Claim:

University of Florida dropped its “Gator Bait” cheer used at sporting events due to the phrase’s invocation of a history of racist imagery of Black children being used as “alligator bait.”

Rating:

In the summer and spring of 2020, as protests against institutional racism and police brutality spread across the United States, sports institutions began to look at their own relationships to racist rituals. The police-custody death of a Black man, George Floyd, in May led to a national reckoning around race, including at the University of Florida, which decided to ban the “Gator Bait,” a traditional cheer used at sporting events, for its association with racist imagery.

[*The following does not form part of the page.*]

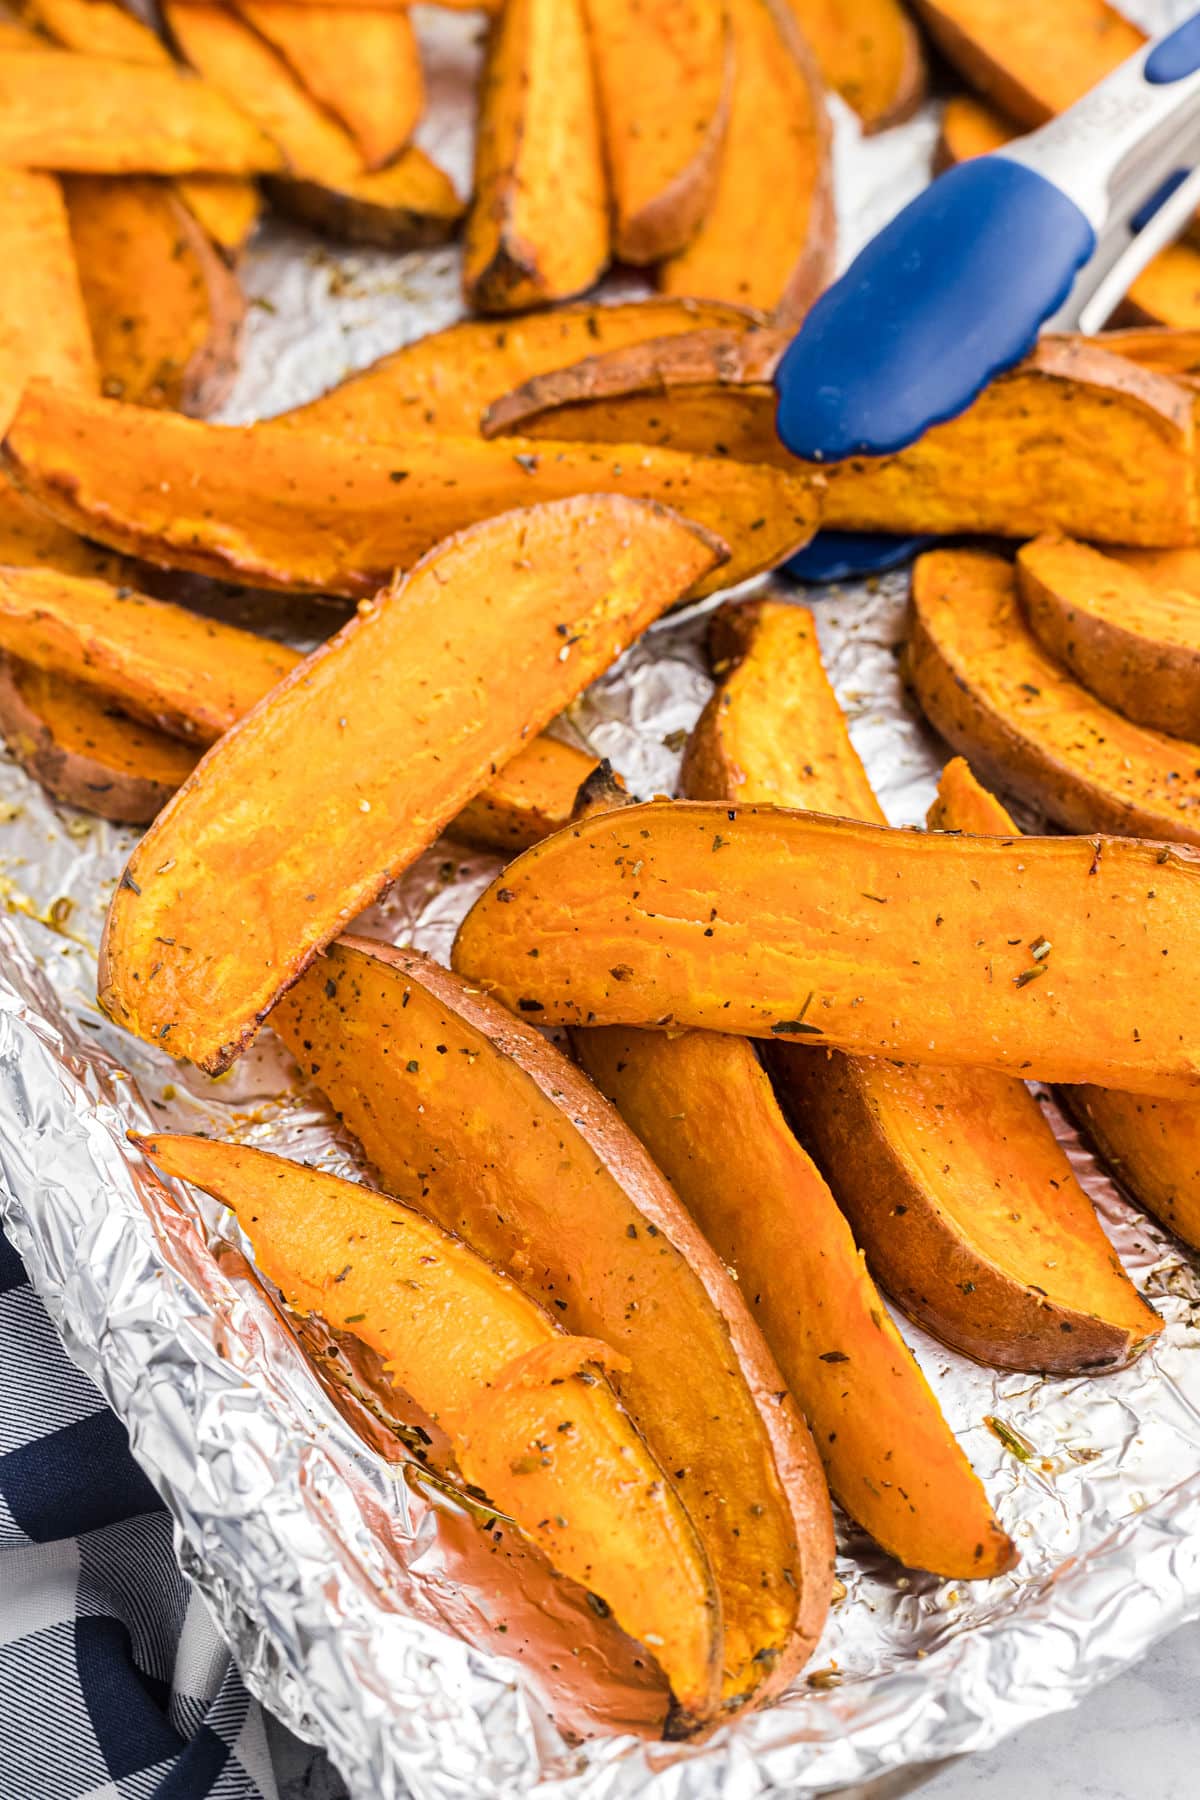 potato wedges on a sheet pan lined with foil.

In June 2020, the university President Kent Fuchs announced a list of steps the university was taking to combat racism. One of these included “moving forward with symbolism and behavior consistent with our values.” He addressed the “Gator Bait” cheer as one such example:

While I know of no evidence of racism associated with our “Gator Bait” cheer at UF sporting events, there is horrific historic racist imagery associated with the phrase. Accordingly University Athletics and the Gator Band will discontinue the use of the cheer.

The cheer involves fans shouting “Gator Bait” and using their arms to mimic an alligator’s mouth chomping when the band plays a school tune associated with the cheer.

According to the Jim Crow Museum of Racist Memorabilia at Ferris State University, Black children in the South were in fact sometimes used to bait alligators in the late 1800s and early 1900s, though the historicity of that claim is in question. Snopes itself conducted a 2017 investigation into the alleged practice and found a plethora of examples of images and songs in popular culture illustrating this racist trope. Conversations with historians and archival research offered us little evidence that such incidents actually took place, but we also couldn’t actually prove that this cruel practice never took place. Like other demeaning stereotypes about Black people, the notion that dark-skinned children were a favorite food of alligators and crocodiles was commonplace in the antebellum United States.

Regardless, according to their own statements the University of Florida’s awareness of the dark racist history of terms like “alligator bait” led to their discontinuing use of the cheer at sporting events. As such, we rate this claim as “True.”

Sources

Emery, David.   “Were Black Children Used as Alligator Bait in the American South?”    Snopes.   9 June 2017.

Fuchs, Kent.   “Another Step Toward Positive Change Against Racism.”    University of Florida.   18 June 2020.

Kim, Allen.   “Florida will Ban its ‘Gator Bait’ Cheer Due to the Phrase’s Racist History.”    CNN.   18 June 2020.

Jim Crow Museum of Racist Memorabilia.   “Alligator Bait Revisited – June/July 2017.”

Lewis, Sophie.   “University of Florida Drops “Gator Bait” Cheer Due to Term’s “Horrific Historic Racist Imagery”.”    CBS News.   19 June 2020.